▶ [What is needed] Please retype the entries below word for word, passing over every picture.
▼
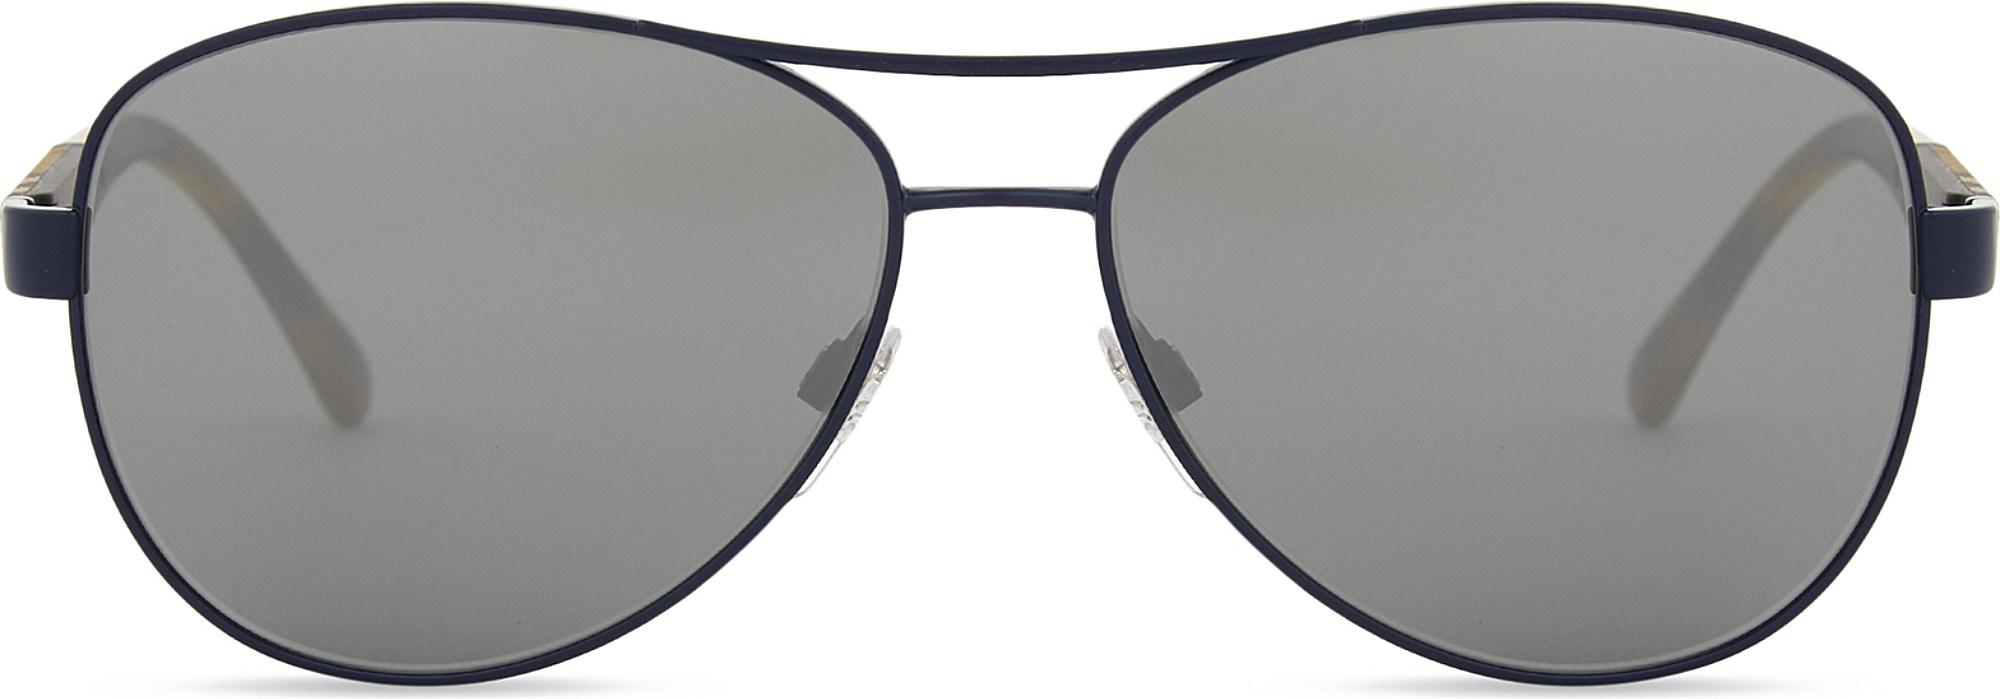 4bd3d50ab0a Burberry. Women s Ladies Matte Blue Check Modern Be3080 Aviator Sunglasses
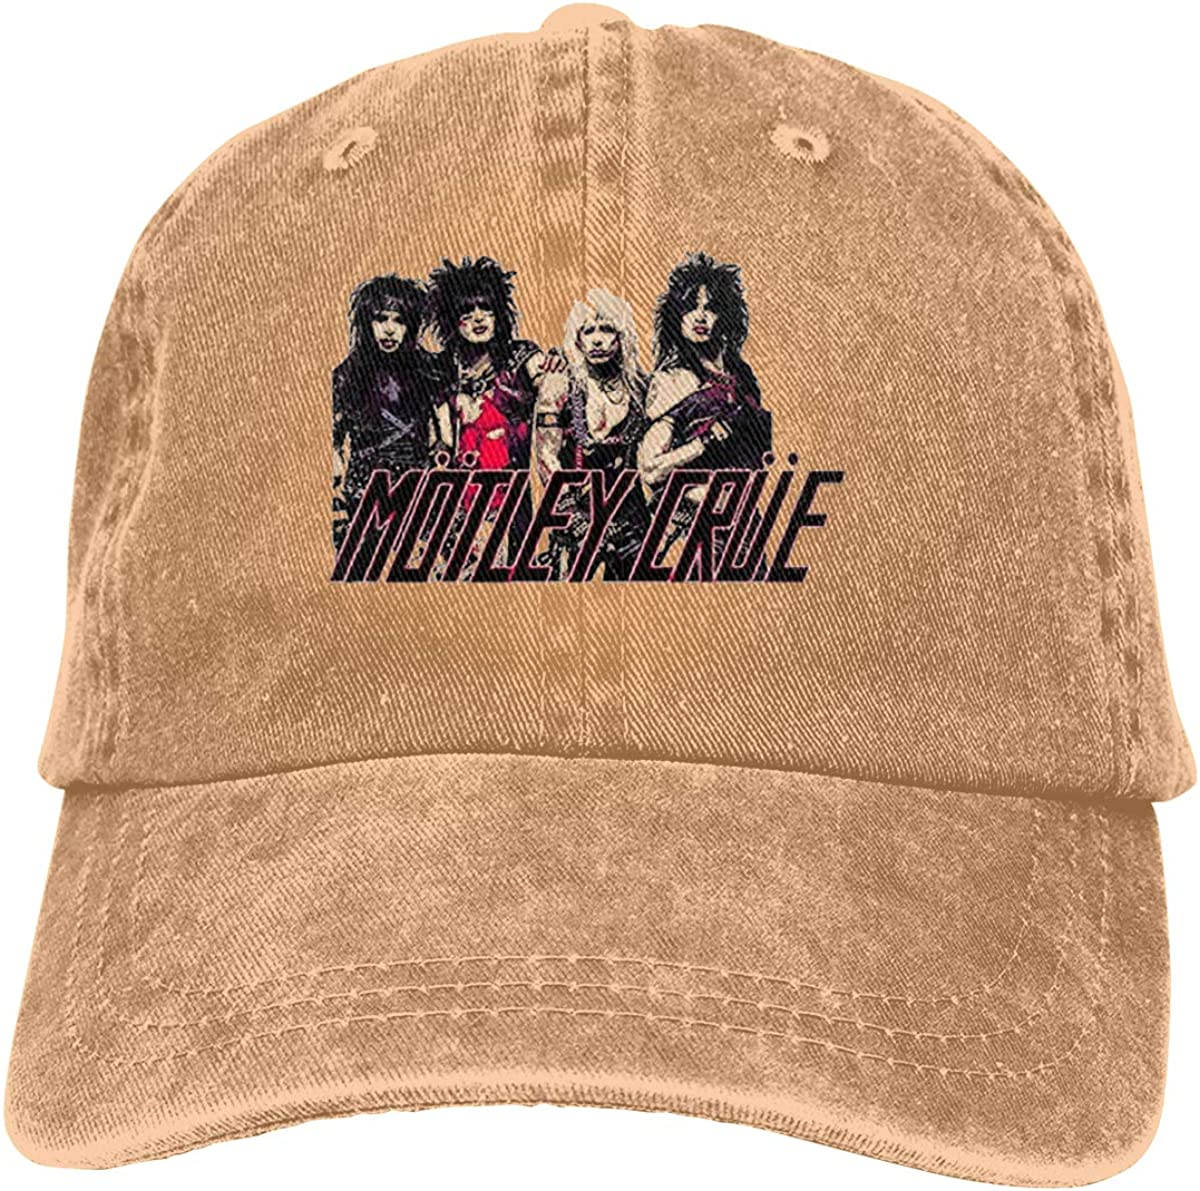 Zlizhi The Dirt Soundtrack Motley Crue Men Women Plain Cotton Adjustable Washed Twill Low Profile Baseball Cap Hat
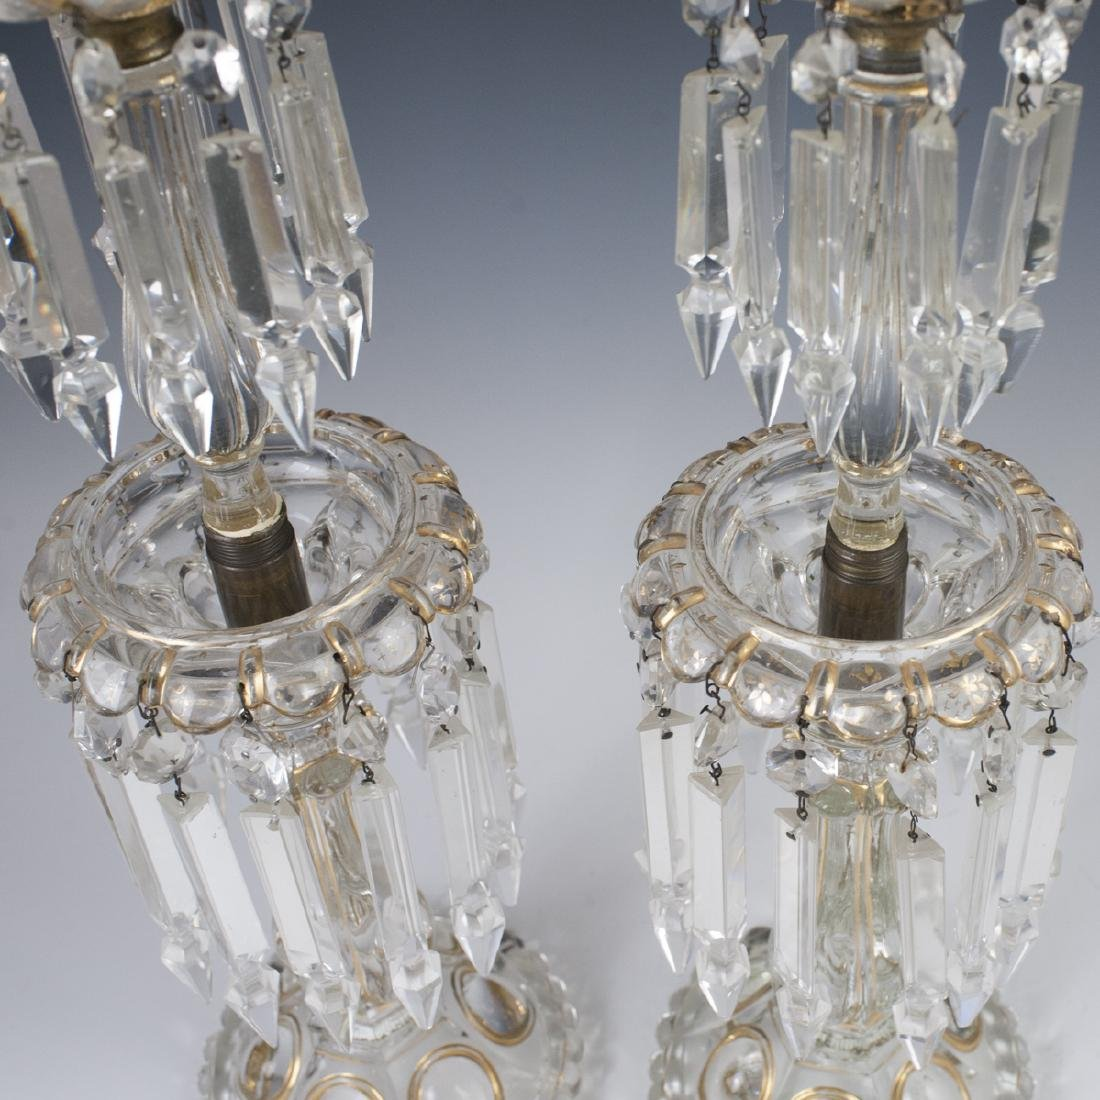 Antique Crystal Candlesticks - 5
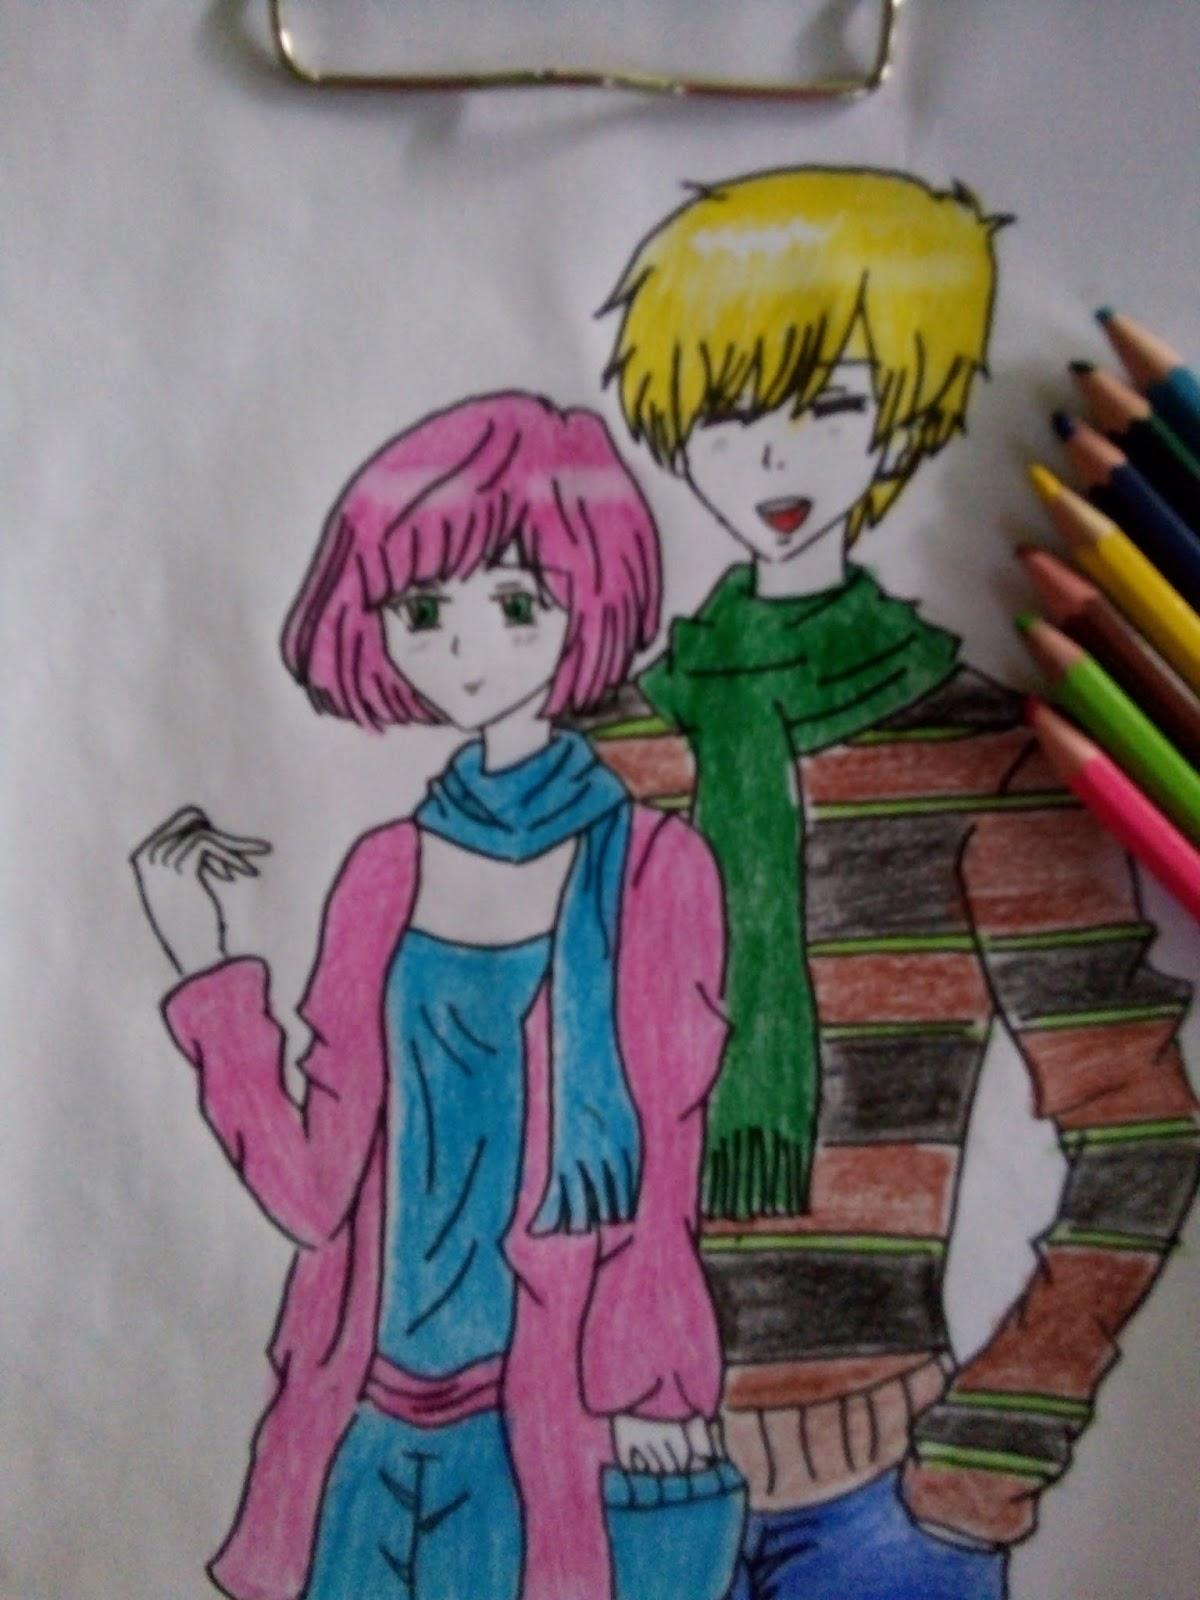 Gambaran harian dewi manga tutorial menggambar manga couple dengan pose simpel
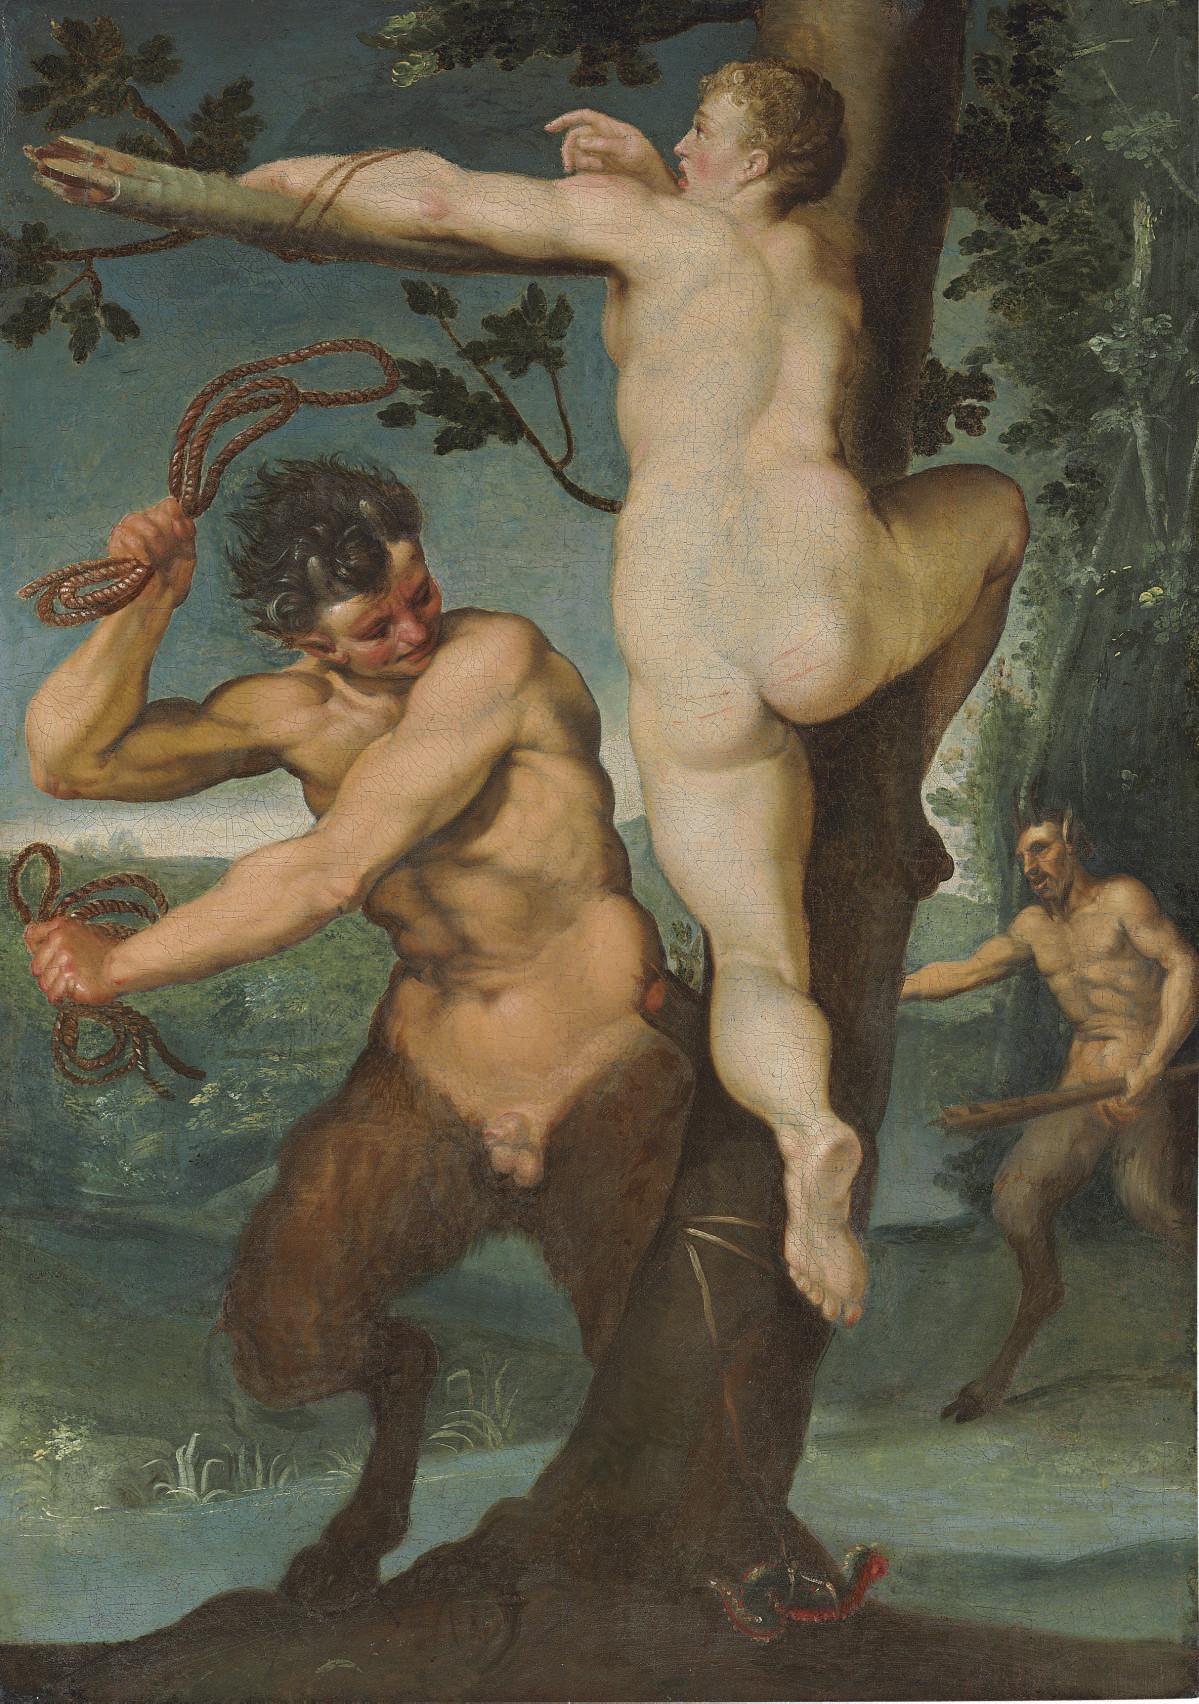 A Franco-Flemish Artist after Agostino Carracci, c. 1590
▲
▶ [Solution below]
 4bd3d50ab0a Burberry. Women s Ladies Matte Blue Check Modern Be3080 Aviator Sunglasses
 Zlizhi The Dirt Soundtrack Motley Crue Men Women Plain Cotton Adjustable Washed Twill Low Profile Baseball Cap Hat
 Antique Crystal Candlesticks - 5
 Gambaran harian dewi manga tutorial menggambar manga couple dengan pose simpel
 A Franco-Flemish Artist after Agostino Carracci, c. 1590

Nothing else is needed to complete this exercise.